Your first visit with your physiotherapist will usually involve an evaluation and assessment. Your physiotherapist will likely take measurements of body
parts around the fracture site.

This might include measurements of:

• Range of motion
• Strength
• Pain
• Flexibility
• Girth or swelling
• Gait (for lower extremity fractures)
• Function

After the initial evaluation, your physical therapist can work with you to devise a treatment strategy to help you recover fully. Physical therapy after a fracture often focuses on overcoming the negative effects of being immobilized by a cast or sling. Immobilization may cause loss of motion and strength and decreased functional mobility.

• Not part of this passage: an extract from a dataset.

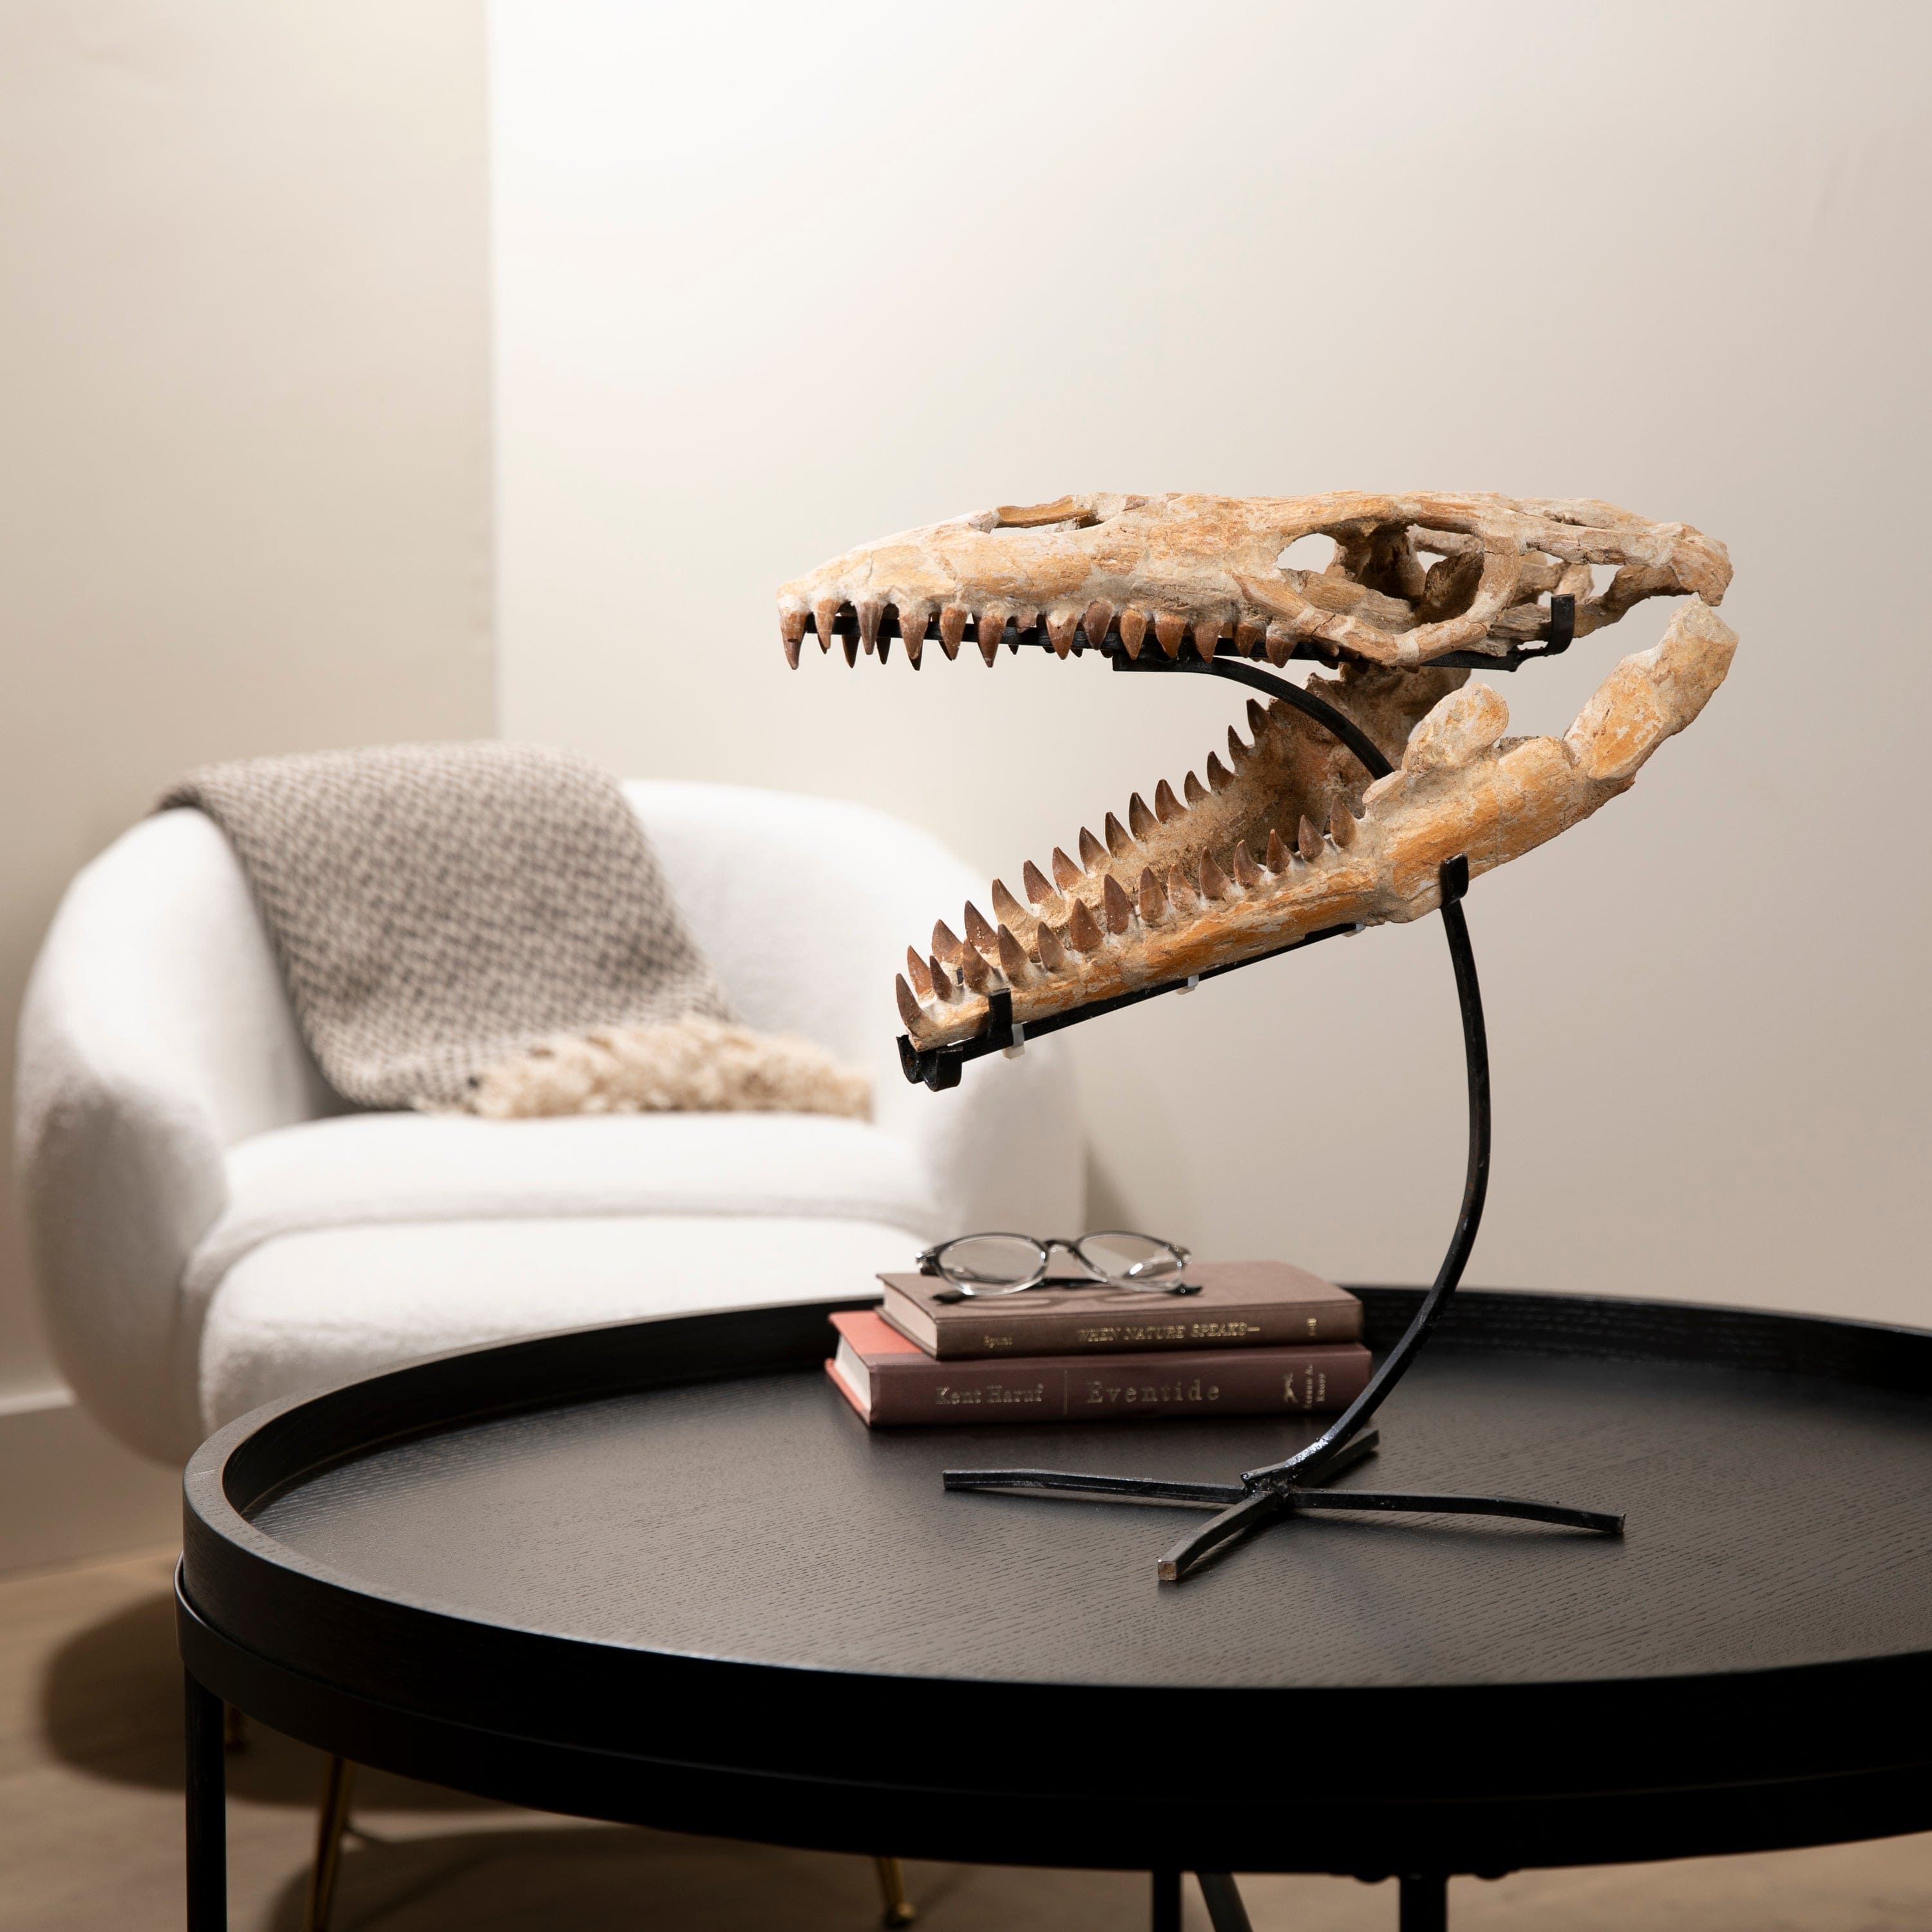 Kalifano Mosasaurus Fossils Moroccan Mosasaurus Jaw Fossil  on Custom Stand - 17" MOST30000.001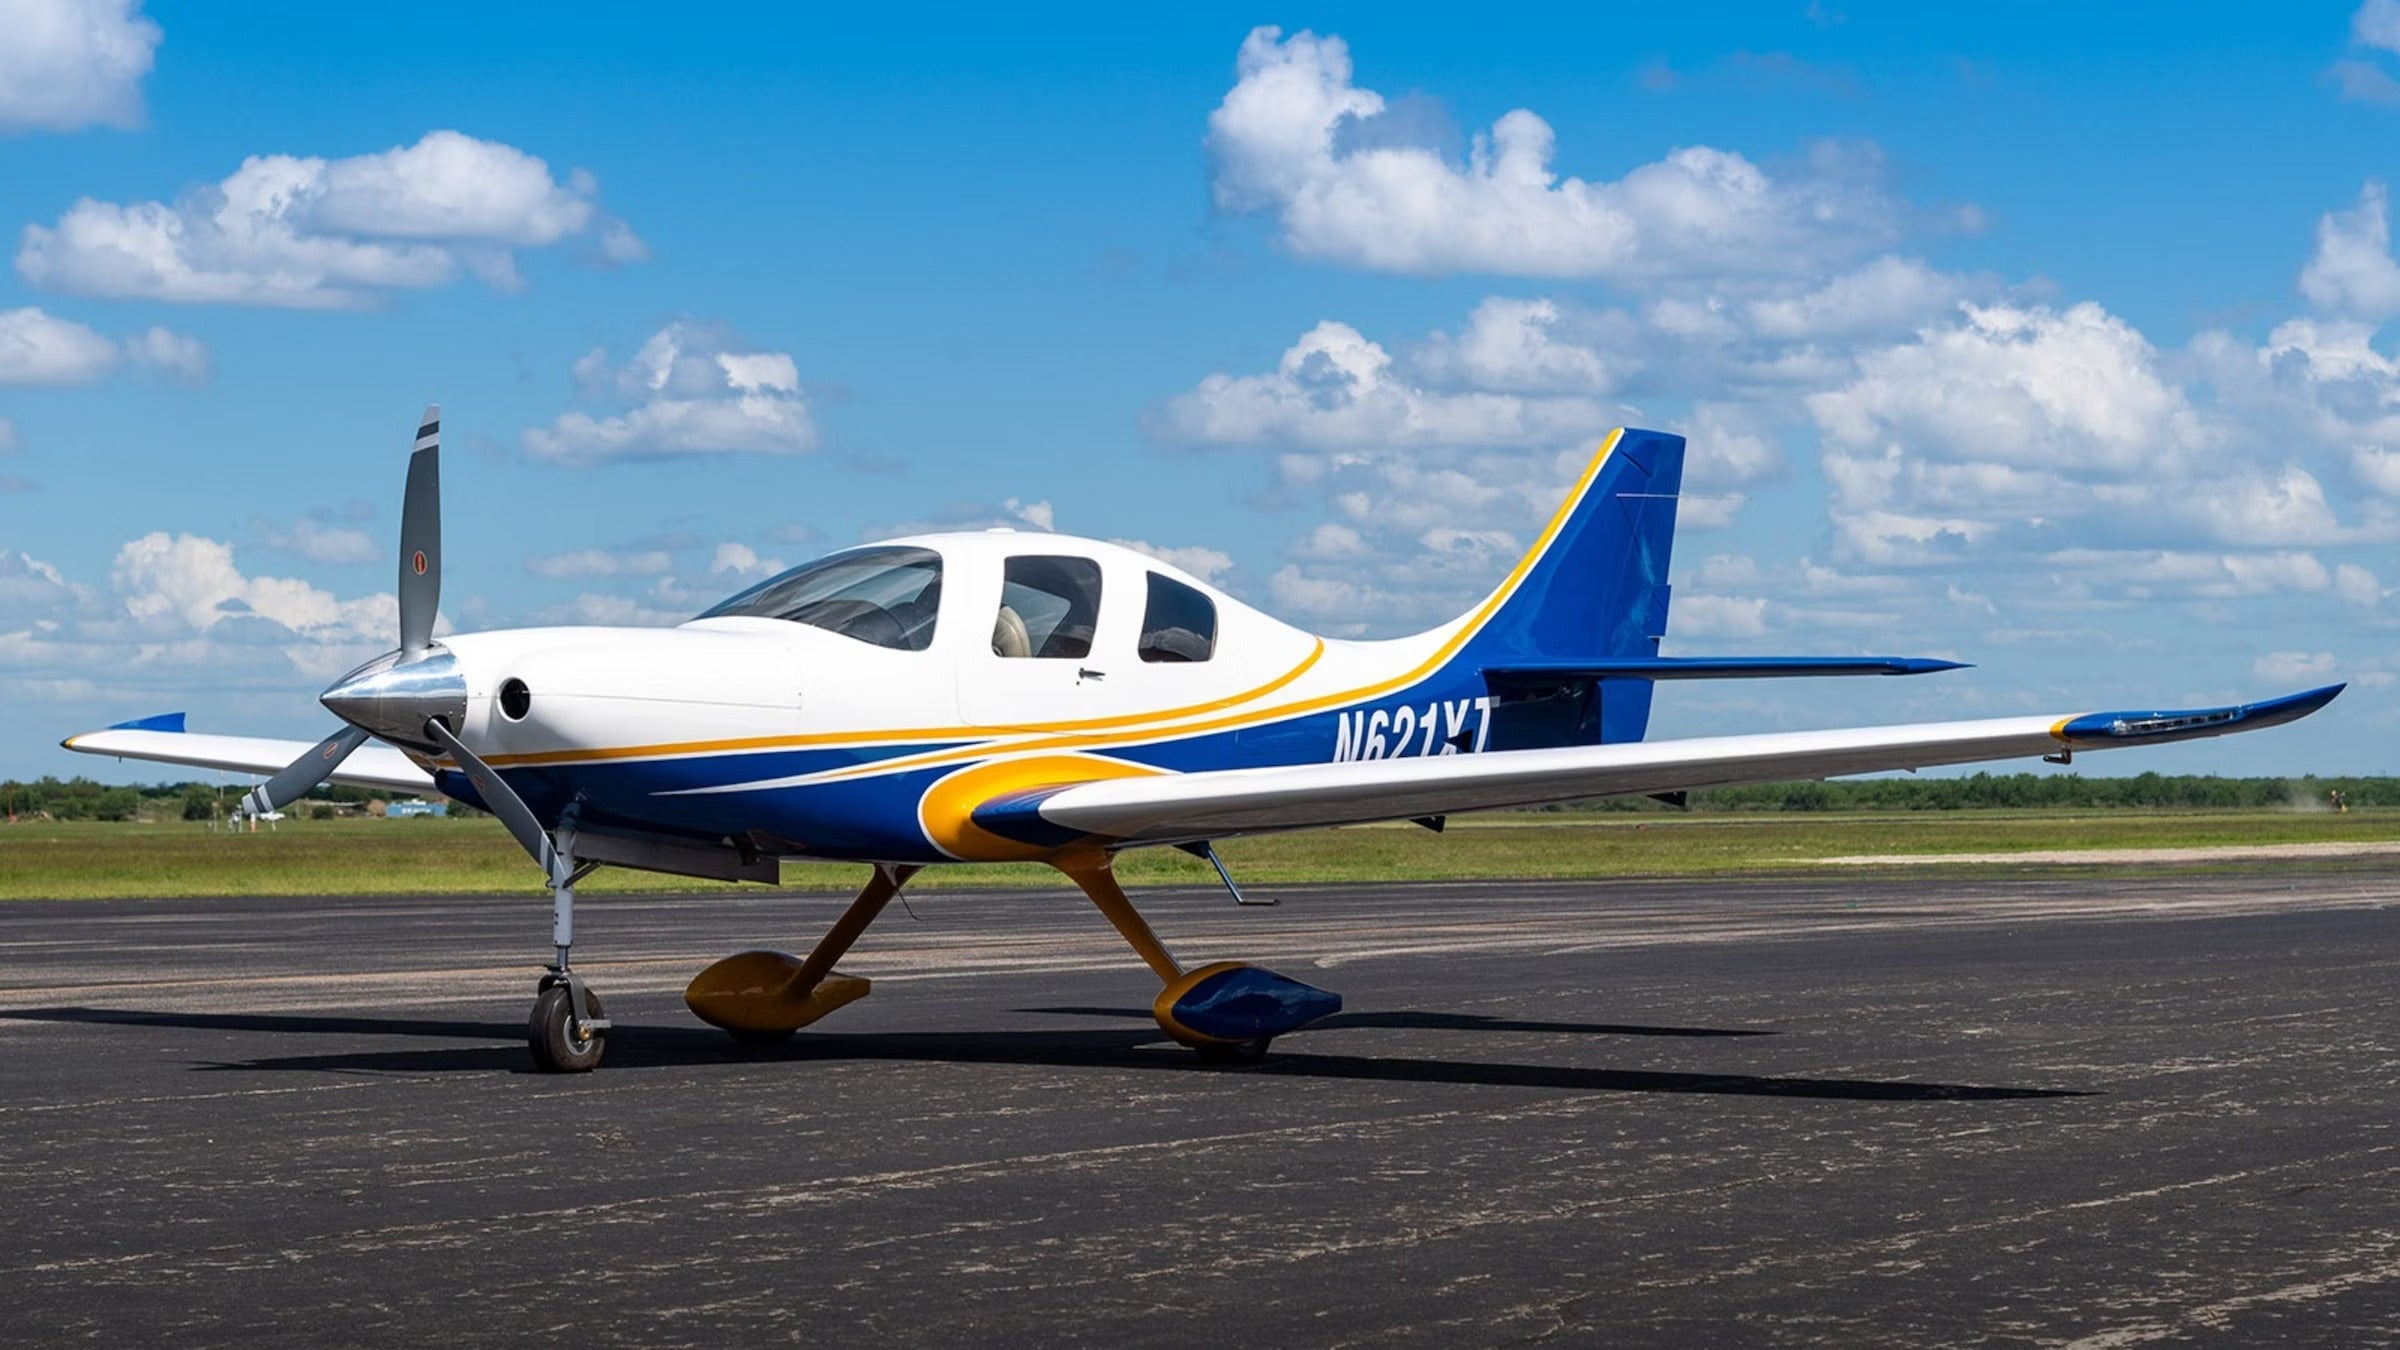 This 2004 Lancair ES Is an ‘AircraftForSale’ Top Pick for Kit-Built Enthusiasts

Physiotherapy should start immediately after the fracture has been immobilized.

Physiotherapy during fracture healing will concentrate on:

• Relieve pain
• Improve range of motion and mobility
• Strengthen surround tissue and muscle
• Promoting healing
• Encouraging weight bearing
• Maintaining strength of weakened muscles
• Maintaining range of movement of the affected and surrounding joints
• Reducing pain
• Reducing swelling

After your fracture has healed and/or your cast has been removed physiotherapy is continued until you have regained your full level of function.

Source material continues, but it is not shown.